If we do it this way, we free up those 24 data bits inside the longjump32 and longjump64 instructions. Should we use that to make them long BRANCH instructions instead? Or, should we leave this as implementation-dependent free space? I'm leaning towards the latter; one could imagine, for example, that JIT interpreter/compilers could use this to count how many times the jump is taken and to note whether or not the target has been compiled yet, and that ordinary compilers could use these to identify the jump target via a 'label' which would be an index into a table of at most 2^24 jump targets which is being maintained outside of the instruction stream (we could even make this 2^24 unique longjump target thing a standardized limitation of Oot; that's a limit of 16 MB count of jump targets; if each jump target corresponds to a 64-bit pointer, then it would take 16 MB x 8 = 128 MB bytes to store this table).
For example, the gcc executable on my system, /usr/bin/x86_64-linux-gnu-gcc-9, is currently 1.2M in size. The Python executable, /usr/bin/python3.8, is 5.3M in size.

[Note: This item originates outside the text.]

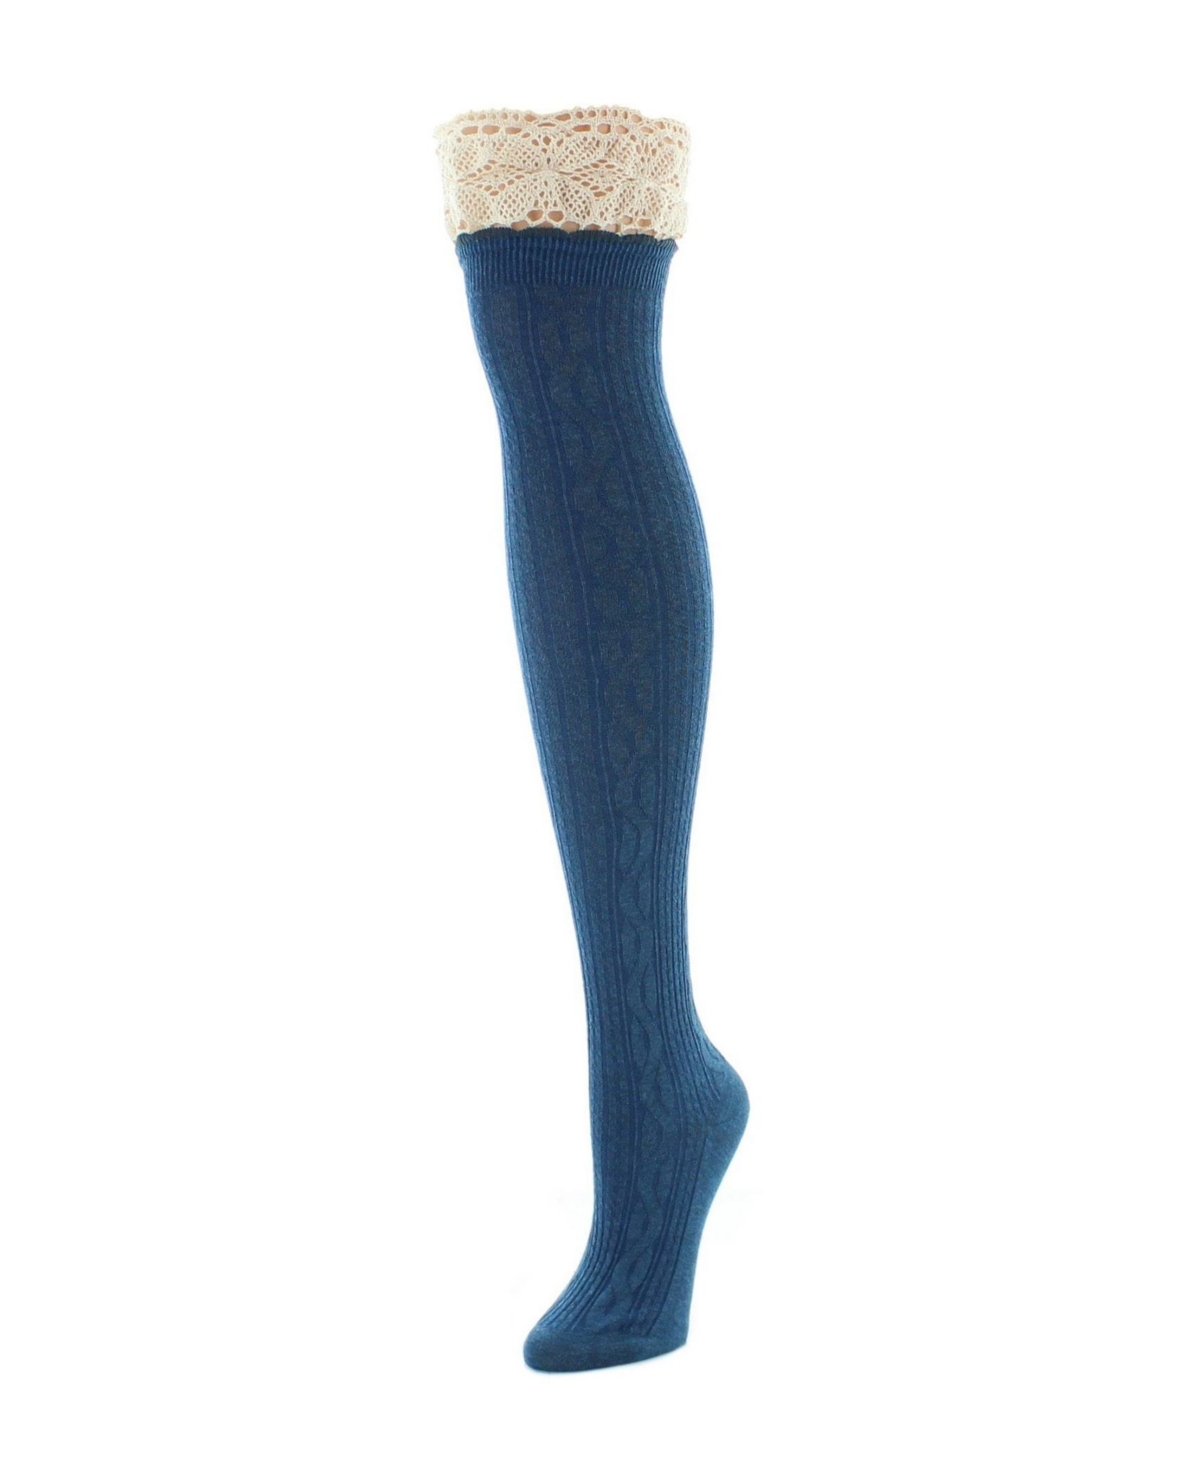 Women's Lace Top Cable Knee High Socks - Legion Blue Heather

There are game executables that are larger than 128MB (e.g. https://www.reddit.com/r/pcgaming/comments/3ta7ur/whats_the_largest_game_exe_youve_ever_seen/ ), but i bet a lot of that size is embedded data, rather than code with unique jumps.
In LoVM? we could add instructions that refer to module jump tables and only provide the index into that table, and don't have following data.
---
i forgot why we had separate dual everything (which is why i was thinking of naming it 'bicycle') for integers and pointers?
was it so that we could standardize the integer bitwidth while leaving pointer bitwidth implementation-dependent?
i remember now; it's not just bitwith, it's because ptrs need to be totally opaque. Imagine an implementation on top of and interoperating with a HLL like Python; you might need to place references to arbitrary Python objects in pointers; in which case a pointer is not just an integer with a special interpretation, it's a wholly different, opaque object type.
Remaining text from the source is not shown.